It is Tuesday, December 20, 2011. This morning it was 27 degrees Fahrenheit when I left for work at 6:20. I rode my bike.
For nearly 11 months I’ve been bike commuting. The bulk of the 3500 miles or so I’ve ridden this year have carried me to and from work. I still feel like I’m in the best shape of my life. But, with 11 days left in the year (only 3 of which will demand bike commuting) I’m not sure I’m going to meet the goal I set for myself back in January. As of today, I’m not even sure how many miles I have left to ride (according to Strava I’ve got 3490 miles under my belt but I’ve not uploaded a ride since 12/05) and I’m not sure I even care anymore.
There it is. There’s the sentence that sounds a lot like someone rationalizing the failure to meet goal. But really, I’m not saying I won’t (I might not) I’m just saying I’m not as concerned with it as I was at one time.

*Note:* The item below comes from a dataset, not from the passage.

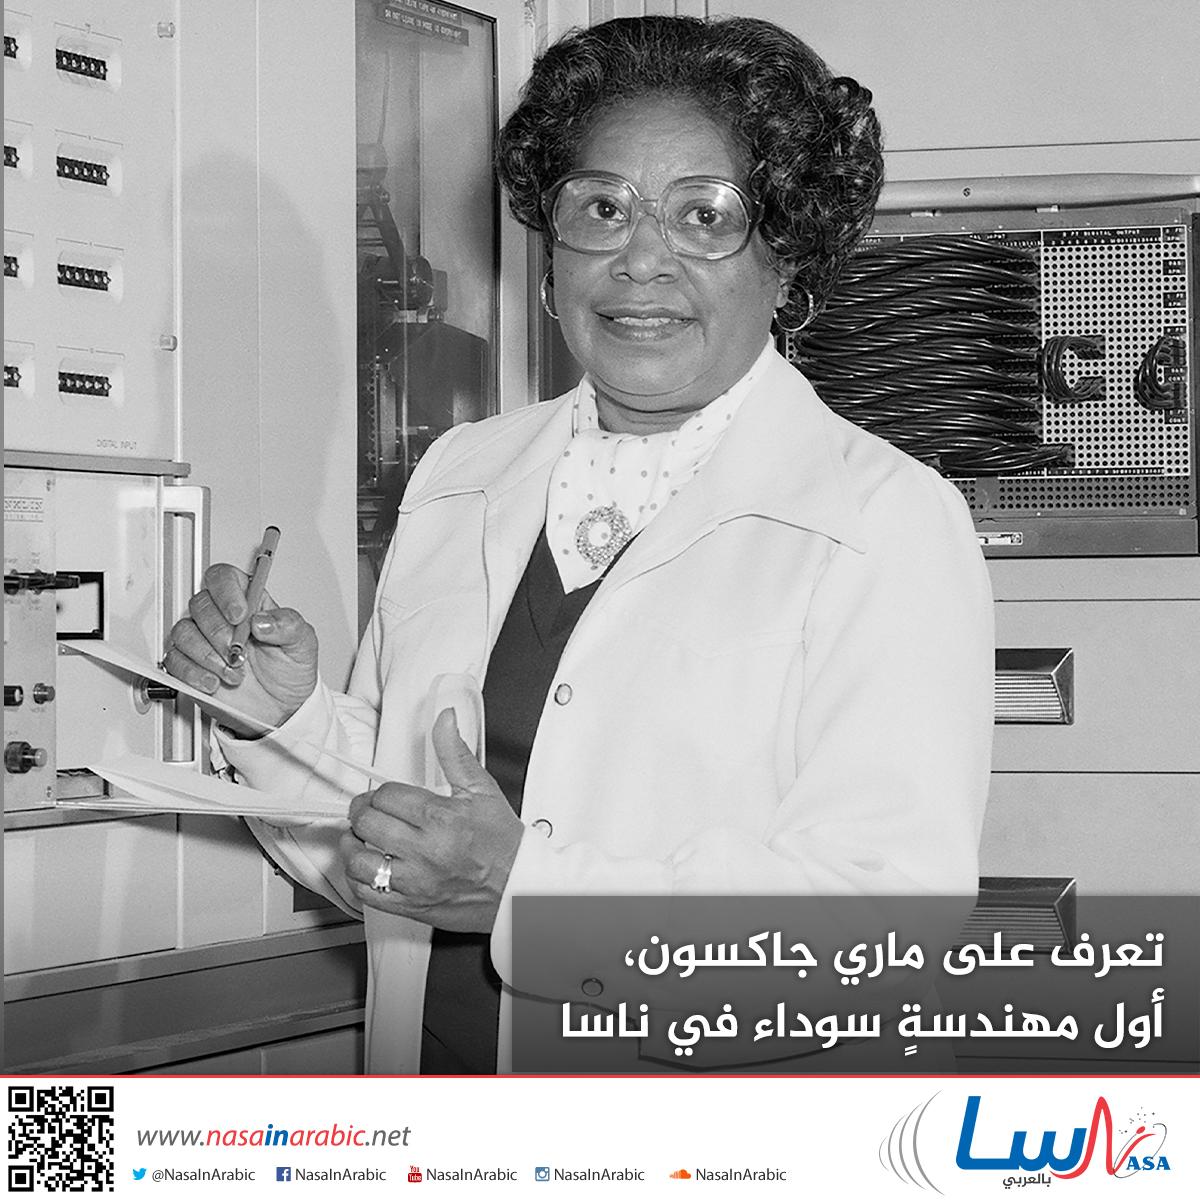 تعرف على ماري جاكسون، أول مهندسةٍ سوداء في ناسا

Early on in this experiment with bike commuting it was the novelty of using my bike as means of transportation that got me up early in the mornings and pushed me out the door despite being ill prepared for cold weather and dark mornings. As the novelty wore off, the goal I’d set for myself helped me up into the saddle on the tough mornings. Today, today I woke up and pulled on my kit and rolled out into the early morning cold because it’s the way I get to work (it was the having to go to work part I found most difficult). It will be the same tomorrow. It’s the routine.
Which isn’t to say I don’t love it. I just don’t need any goal to keep me going.
Update: Strava is now reflecting my “official” mileage: 3,574.